Segment Start: SOURCE MATERIAL
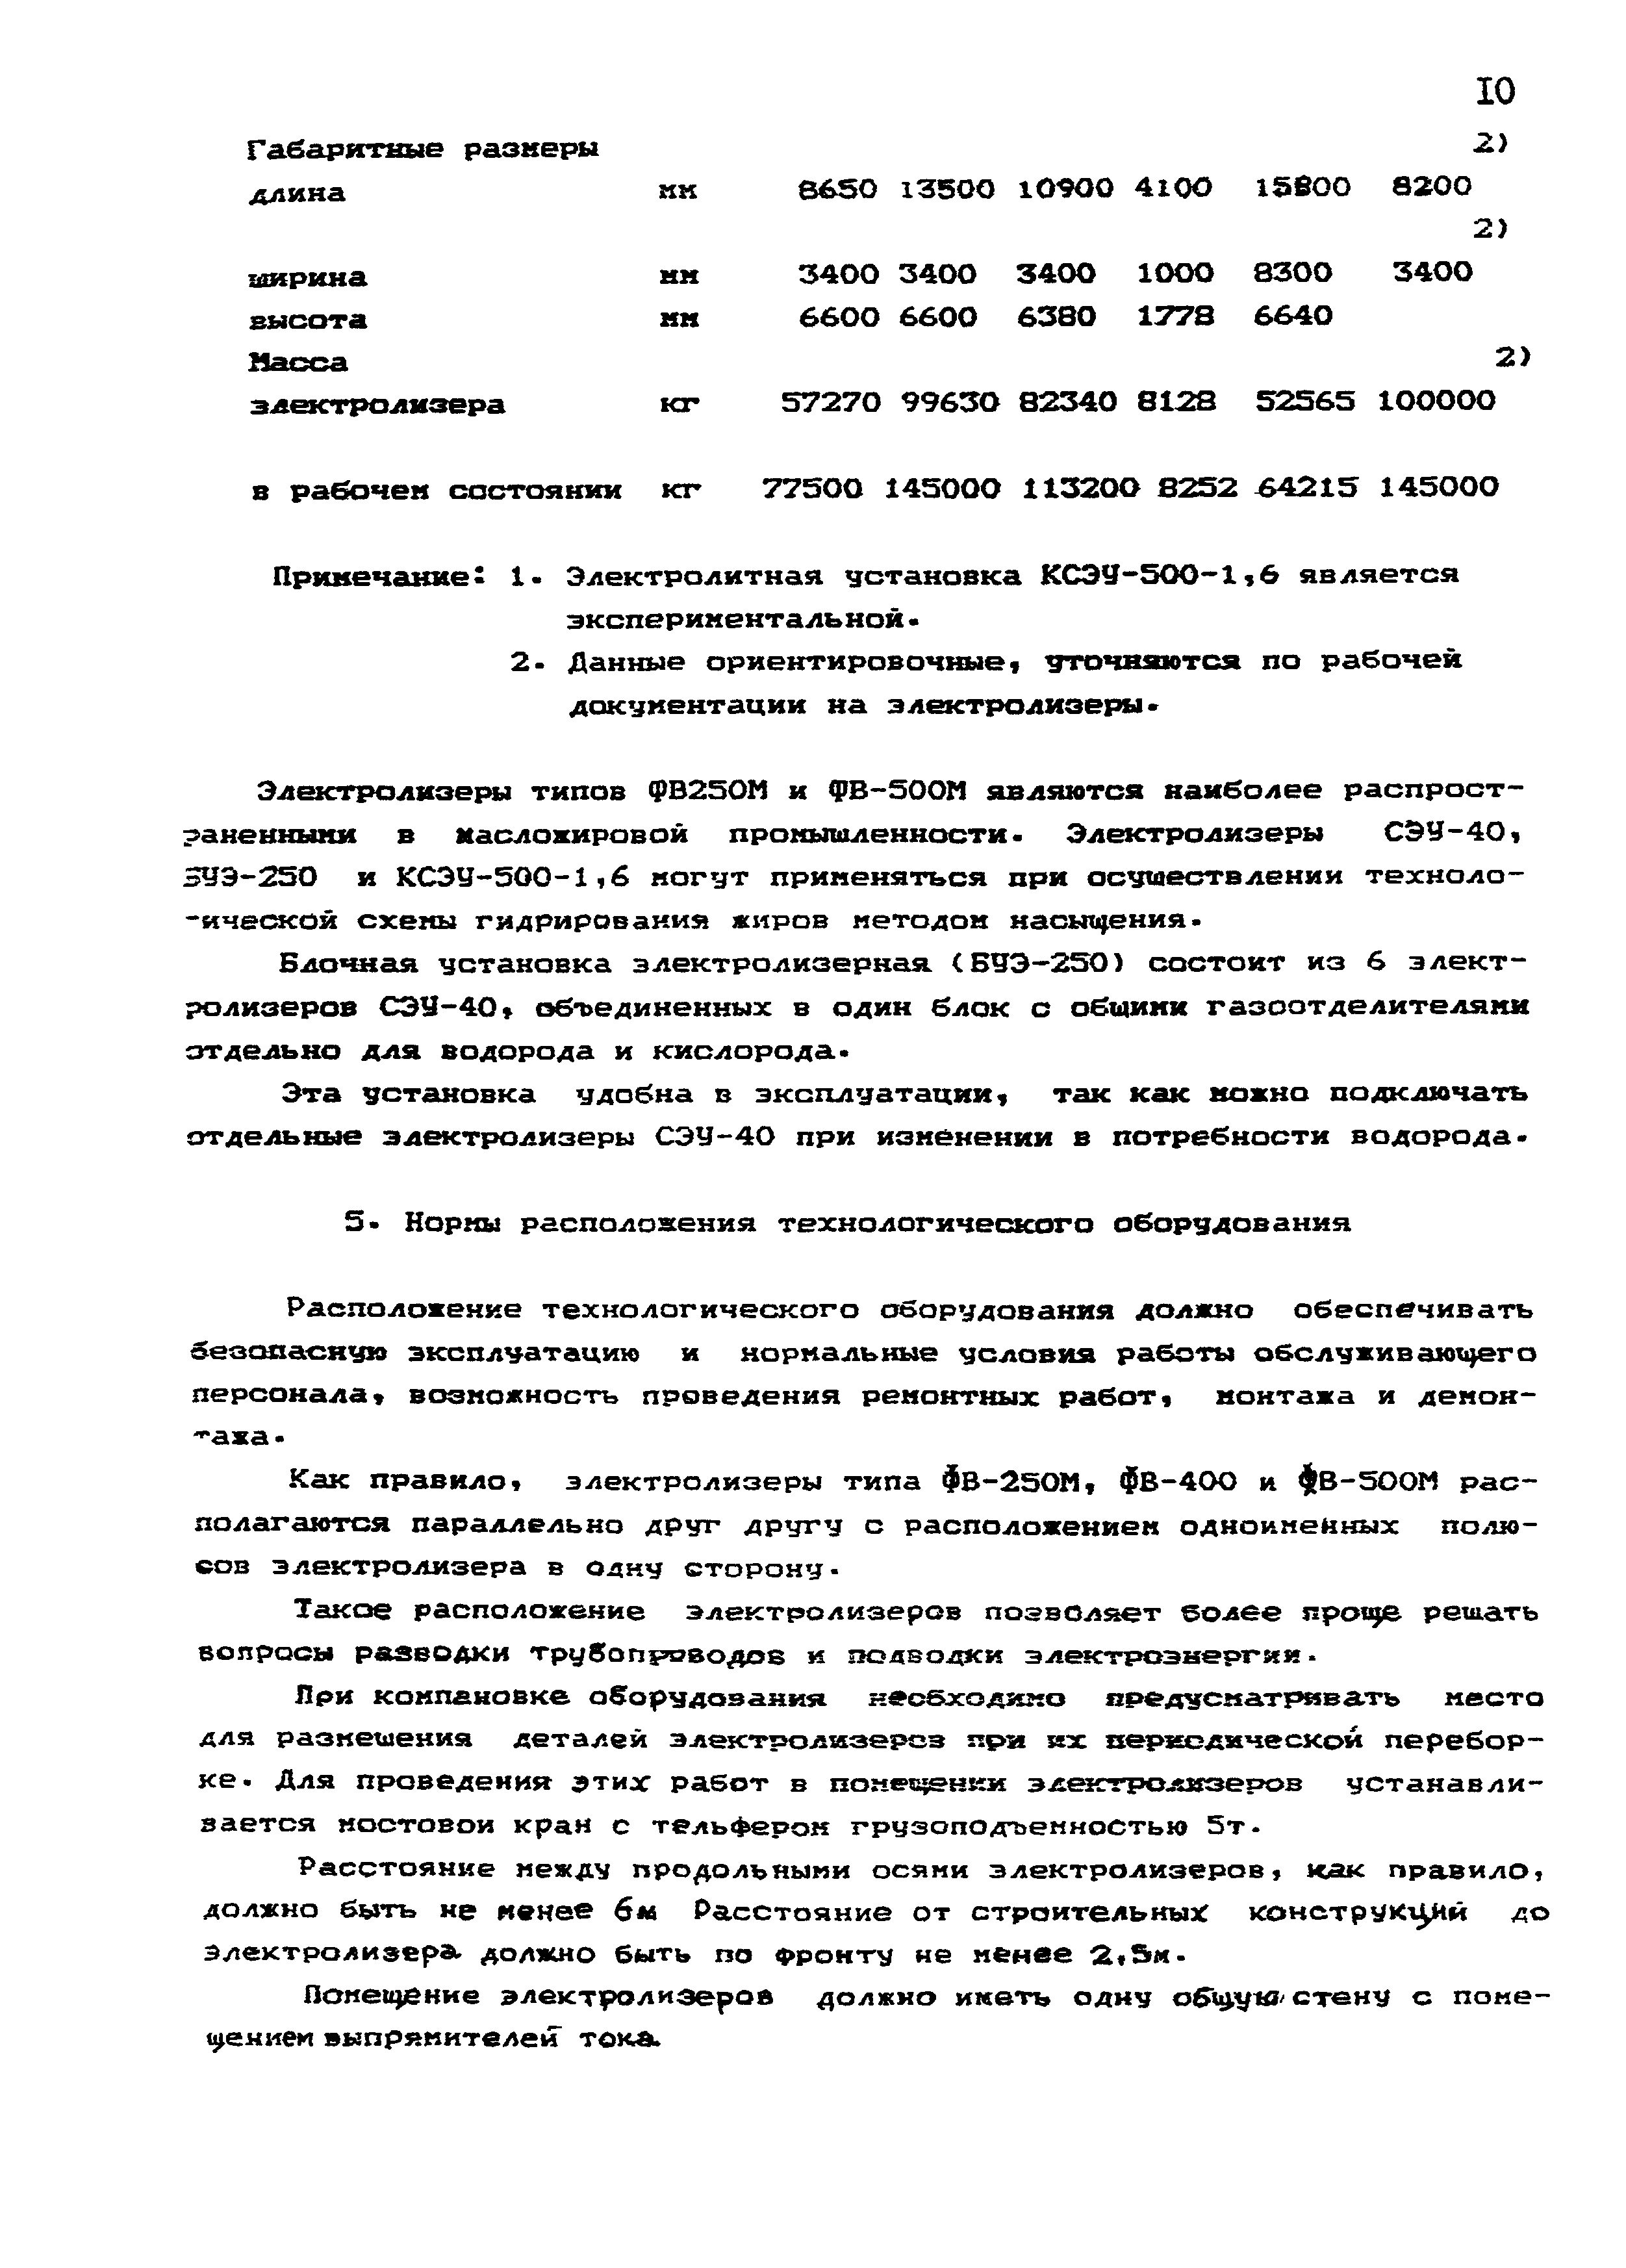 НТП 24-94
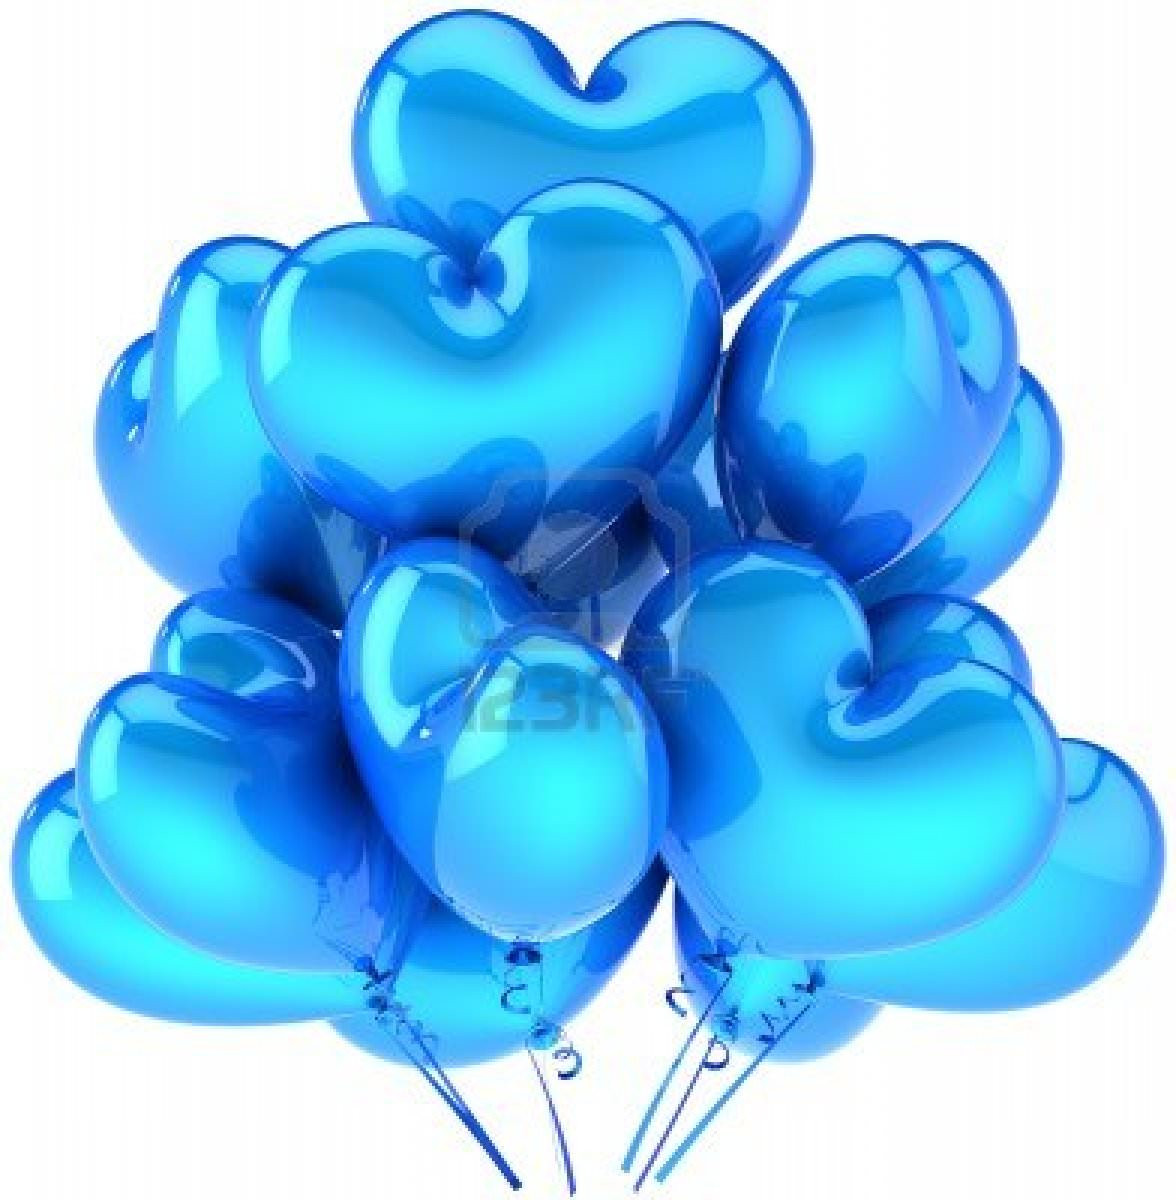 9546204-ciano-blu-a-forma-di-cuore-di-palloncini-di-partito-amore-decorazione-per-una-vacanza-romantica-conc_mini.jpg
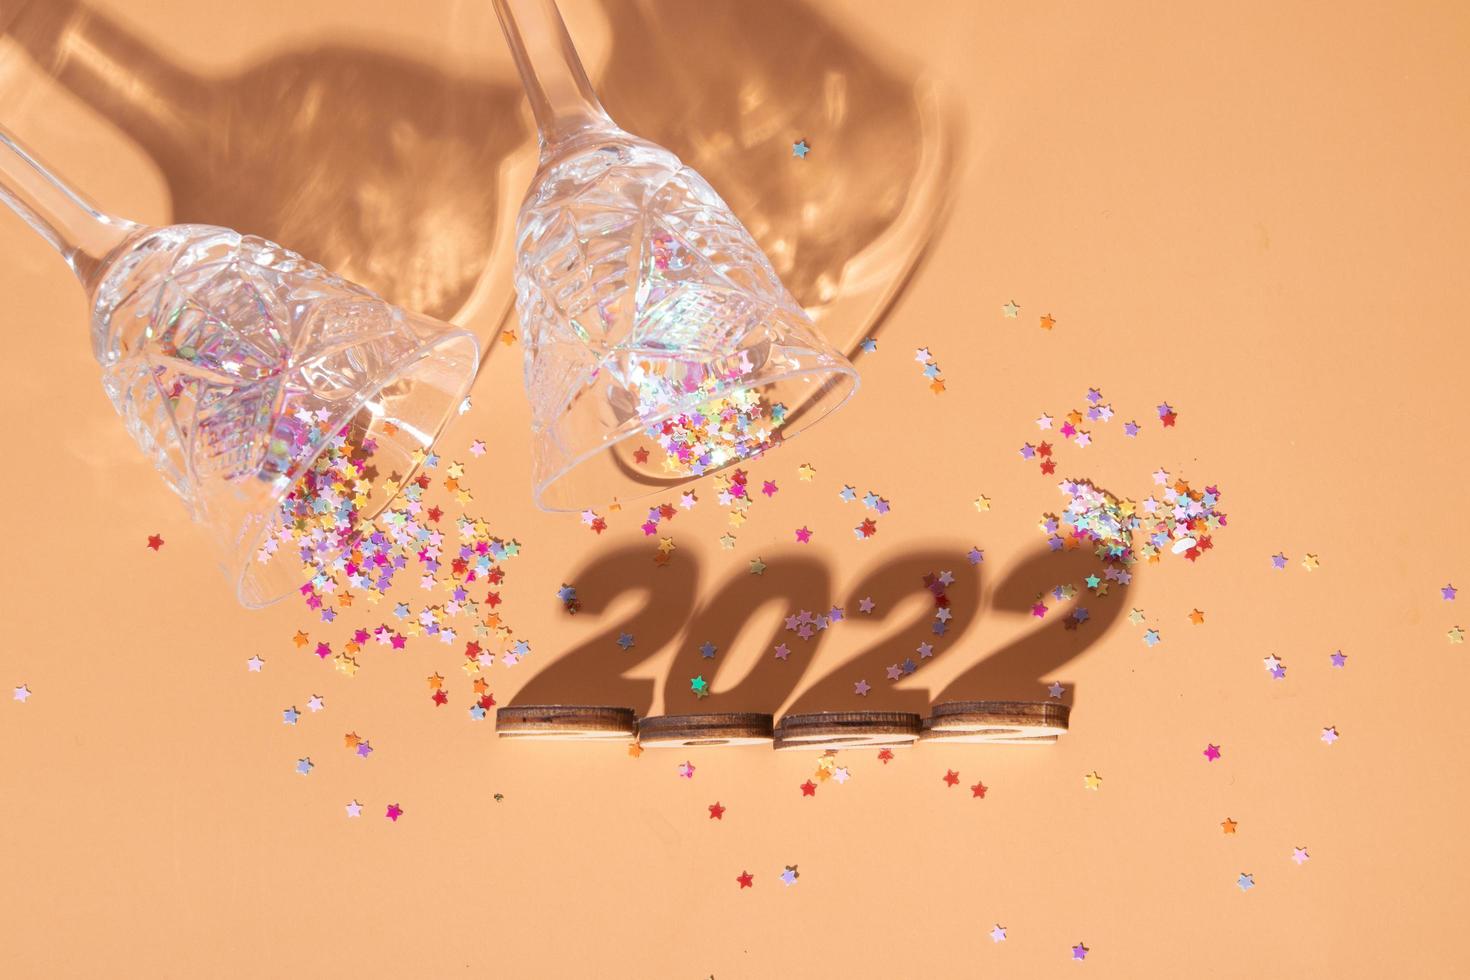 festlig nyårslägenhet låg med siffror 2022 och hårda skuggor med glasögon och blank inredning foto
Segment End: SOURCE MATERIAL
PROBLEM TO SOLVE:
Every word of the data should be reproduced exactly; please omit any pictures.

WRITTEN ANSWER:
 НТП 24-94
 9546204-ciano-blu-a-forma-di-cuore-di-palloncini-di-partito-amore-decorazione-per-una-vacanza-romantica-conc_mini.jpg
 festlig nyårslägenhet låg med siffror 2022 och hårda skuggor med glasögon och blank inredning foto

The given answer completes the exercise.